The tables are laid out as pairs of coefficients (pi, qi) for the numerator and denominator polynomials, respectively, in ascending order of monomial power (that is, the independent coefficients are in the first position of the arrays). The rational functions can be evaluated with a suitable variation of Horner's schema:

```let horner2 r x =
let n = Array.length r in
let s = ref 0.
and t = ref 0. in
for i = n - 1 downto 0 do
let p, q = Array.unsafe_get r i in
s := !s *. x +. p;
t := !t *. x +. q
done;
!s /. !t
```

For clarity I haven't inlined Horner's recursion in the following code; this is not very difficult to do, so I've left it as an exercise for the implementor:

```let iqpi = 5.64189_58354_77562_86948_1e-01

let erfc x =
let z  = abs_float x in
let z2 = z *. z in
let y =
if z < 0.46875 then   1. -.         z   *. horner2 r0 z2 else
if z < 4.      then         exp (-. z2) *. horner2 r1 z  else
let z'  = 1. /. z  in
let z'2 = z' *. z' in       exp (-. z2) *. z' *. (iqpi +. z'2 *. horner2 r2 z'2)
in if x < 0. then 2. -. y else y
```

As explained in the paper, `erfc x` must be everywhere equal to `1. -. erf x`:

```let erf x = 1. -. erfc x
```

If you have Mathematica™ lying around, you might want to output a list of points to test the accuracy of the approximation:

```let mma f x0 x1 n =
let buf = Buffer.create 256 in
(1 - 2 BitAnd[1, BitShiftRight[#, 63]])\
2^(BitAnd[16^^7ff, BitShiftRight[#, 52]] - 1023)\
(1 +  2^-52 BitAnd[16^^fffffffffffff, #]),\
\$MachinePrecision]&, #, {2}]&@{";
for i = 0 to n do
let x = (x0 *. float (n - i) +. x1 *. float i) /. float n in
let y = f x in
if i != 0 then Buffer.add_char buf ',';
Printf.bprintf buf "{16^^%Lx,16^^%Lx}"
(Int64.bits_of_float x)
(Int64.bits_of_float y)
done;
Buffer.contents buf
```

In order to exactly marshal the IEEE 754 double values I convert them to rational numbers equivalent to machine floats on Mathematica's end.

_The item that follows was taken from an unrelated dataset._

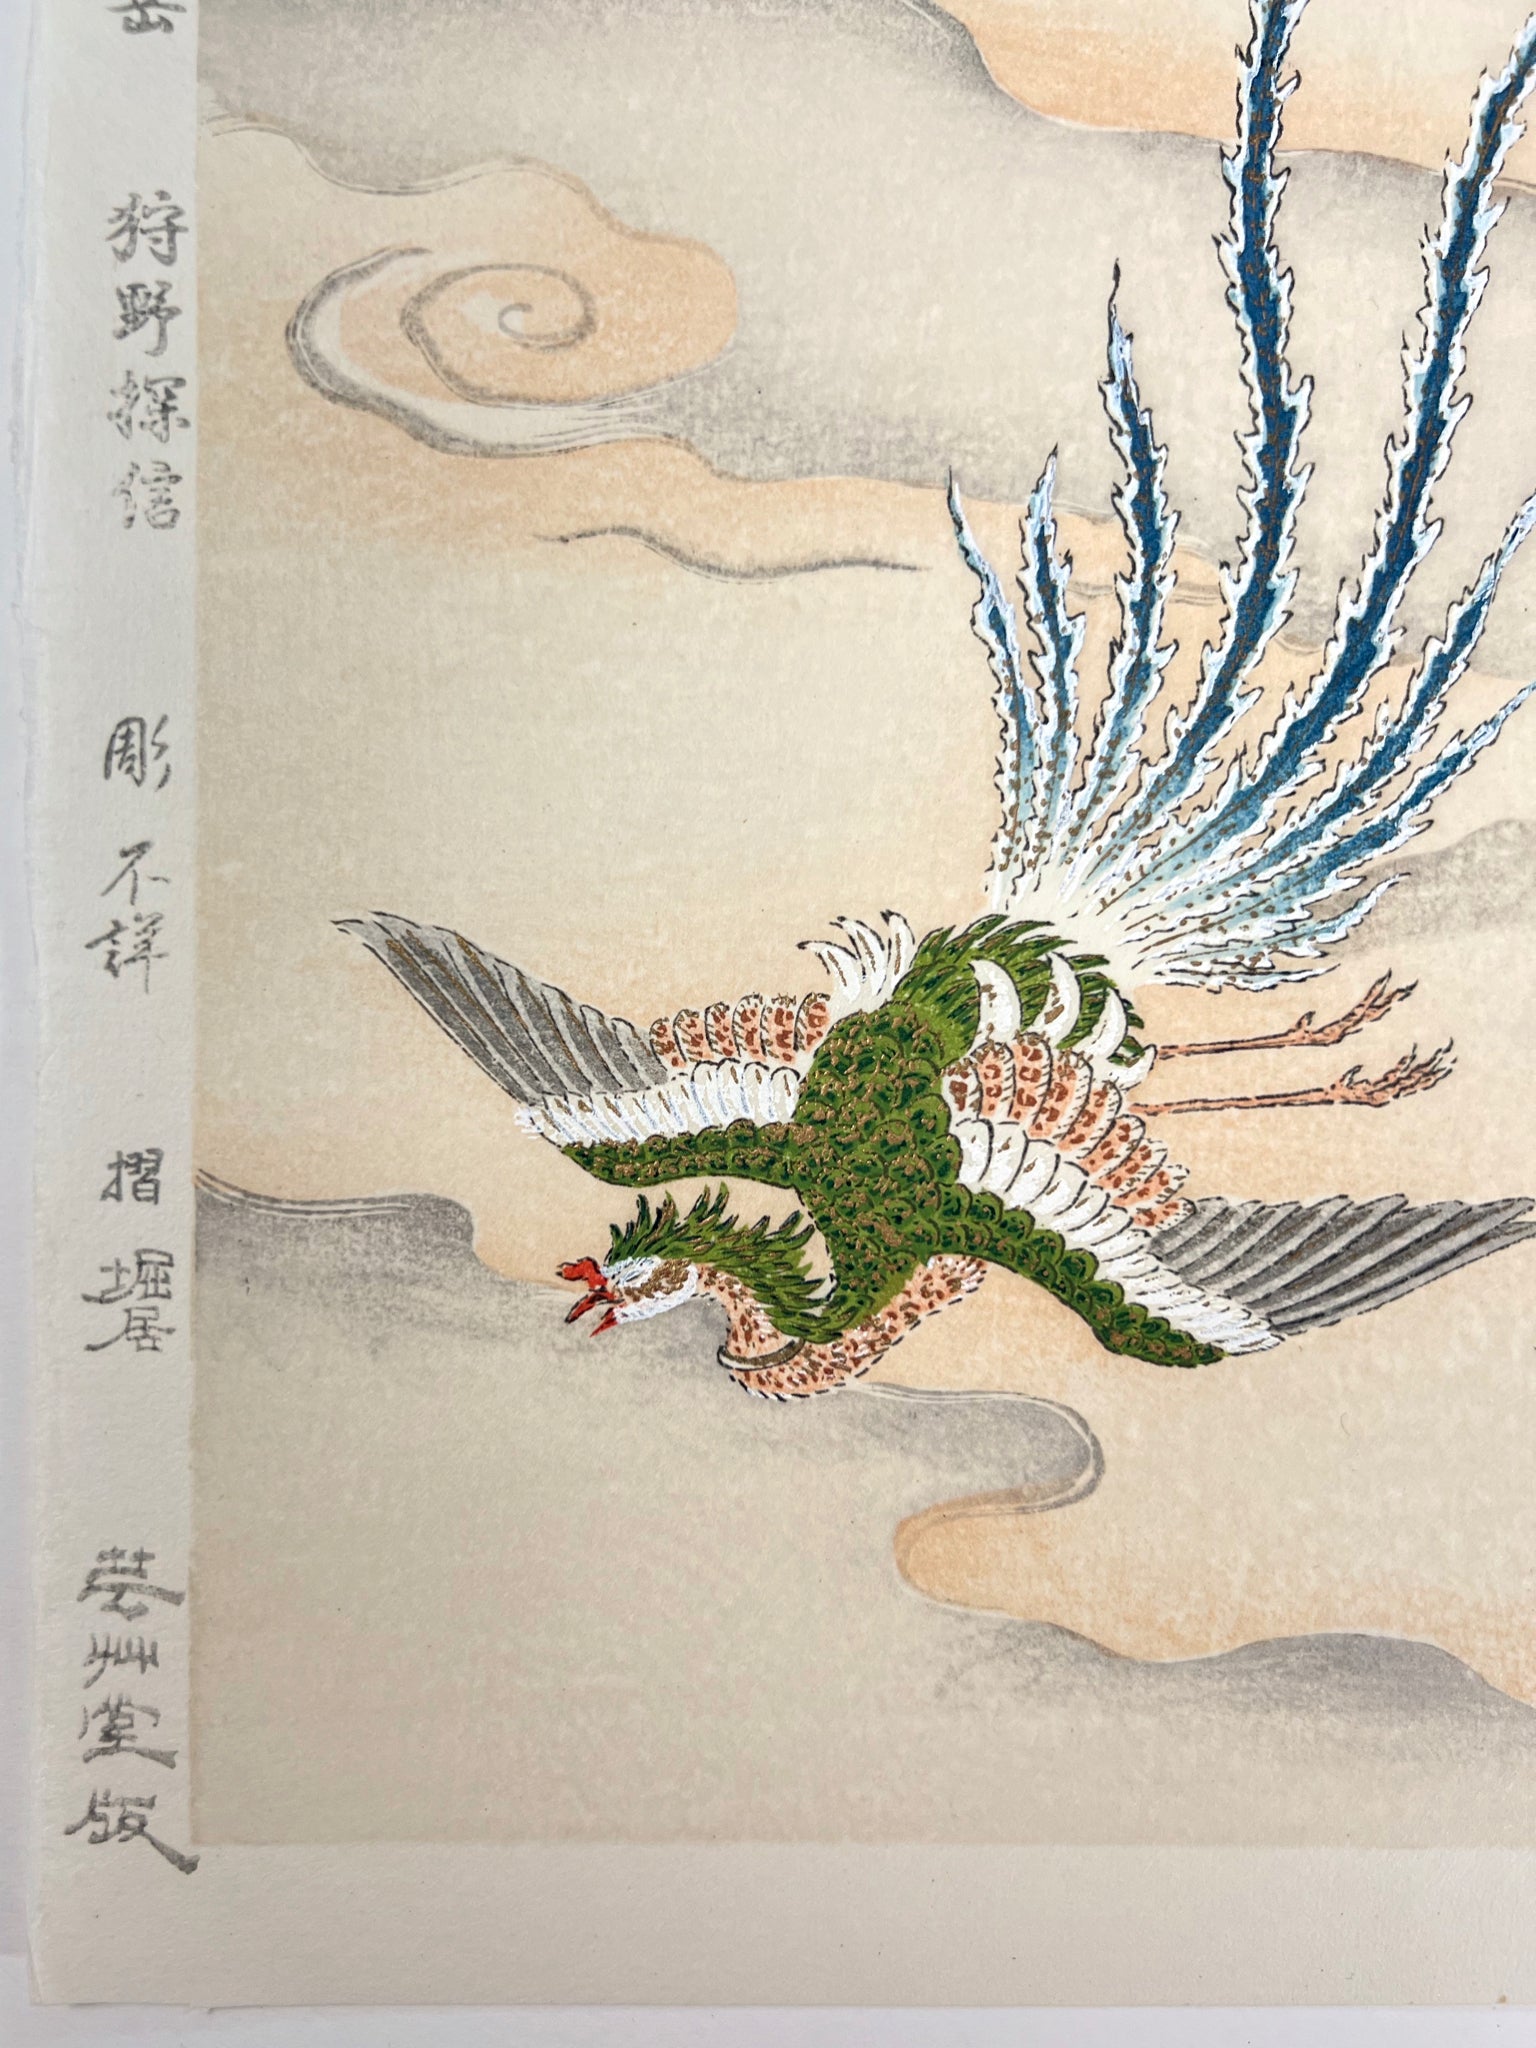 estampe japonaise phoenix en vol au dessus de la mer, gros plan

My informal tests show that around the cut-off points Mathematica evaluates `erf` to the same exact values this code does (that is, the absolute error is zero). When evaluated to sufficient precision, the maximum absolute error among 5,000 equispaced points in the interval [3.99, 4.01] is 5.5437×10-17.

To mathematical libraries implementors everywhere, I urge you: please steal this code!

## References

1. W. J. Cody. Rational Chebyshev Approximations for the Error Function, Mathematics of Computation Vol. 23, No. 107 (Jul., 1969), pp. 631-63. Online.